Basically the argument comes down to whether or not Time should be an exact unwavering measure, or whether things should remain the same with 'perfect' Time being altered periodically so that Time reflects observable phenomena.
While this issue is potentially vexing, it is tackled with the swagger of the popular-science writing that periodically dominate the Times best seller list, and couples that with the 'journalistic balance and integrity' that a lazy public demands from their news writers.
Ultimately though, this is an issue that has real world consequences: air planes could literally fall from the sky and noon could occur well after sunset. For a more down to earth, though benign, example read the excerpt.
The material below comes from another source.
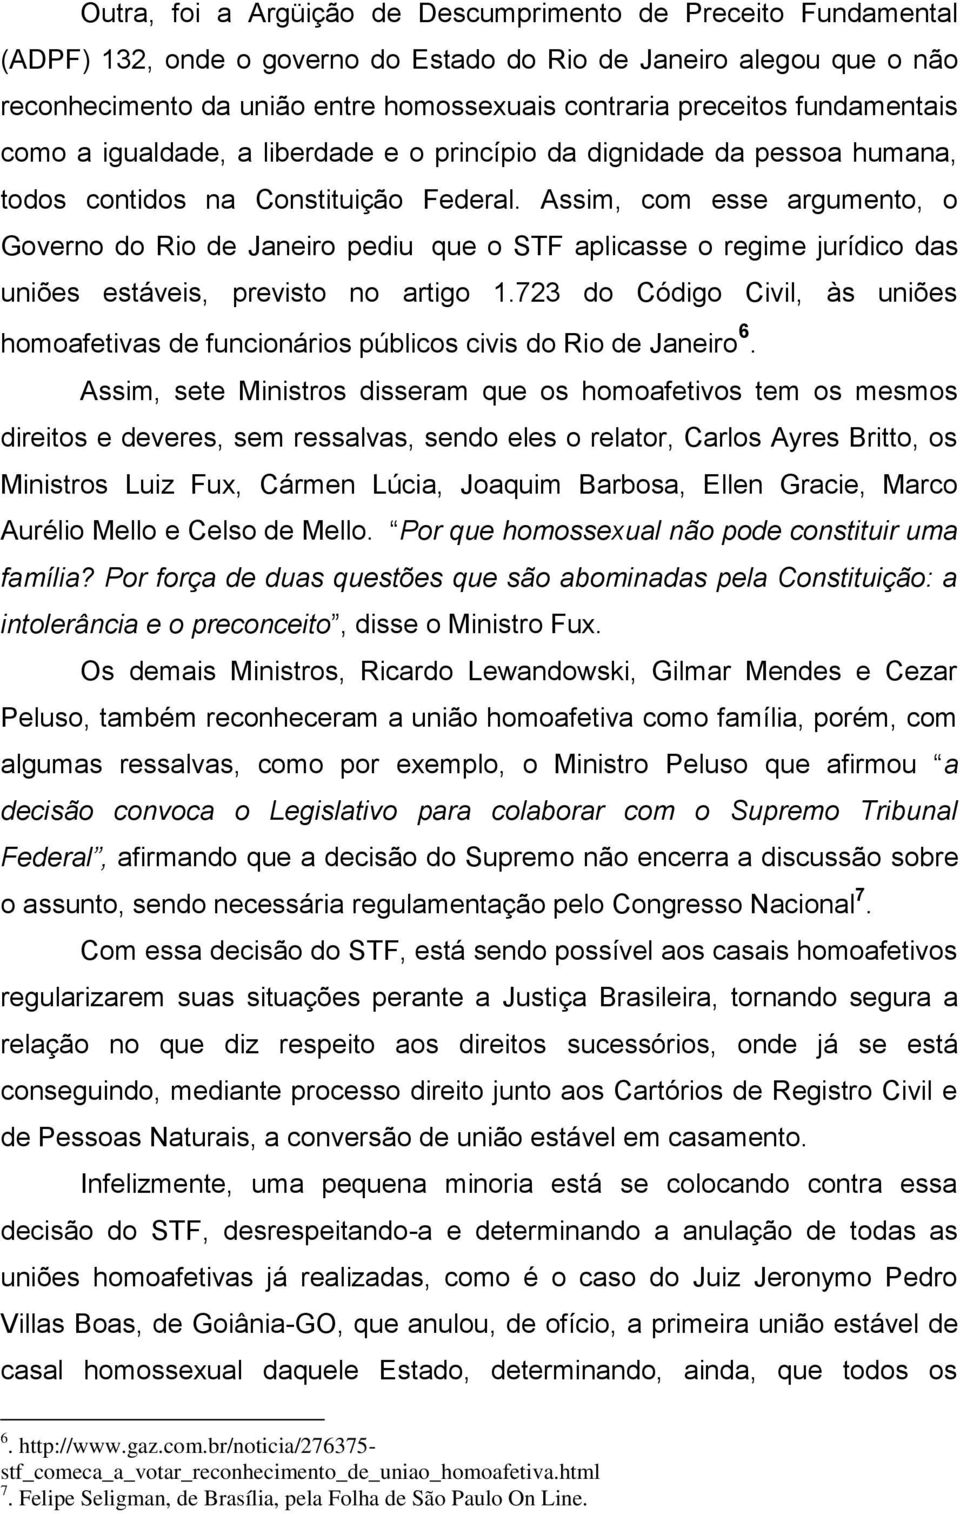 Assim, com esse argumento, o Governo do Rio de Janeiro pediu que o STF aplicasse o regime jurídico das uniões estáveis, previsto no artigo 1.

The deeper problem that haunts Levine is what might be considered the underlying gap between the two ways of counting time, a gap that cannot be remedied by inserting leap seconds. He explains this dilemma with a real-world analogy: our physical age, counted by seconds and days lived, and our age counted by birthdays. Someone who is, say, twenty years old could be considered, on his birthday, to have ben alive for 7,300 days (365 times 20). But this self-evident fact is not actually true. Because of the every-four-year leap year, he has in real-life (what Levine calls "heartbeat") terms been alive 7,305 days (including the five leap days that have occurred since his birth). On his birthday he is twenty years old, but depending on how you count time--by a calendar or by the actual moments that have passed--he is either twenty, or he is twenty years and five days. It's a mathematical conundrum with no true answer that results from our ability (or our decision) to count time in two different ways.Surprise -- you are older than you thought.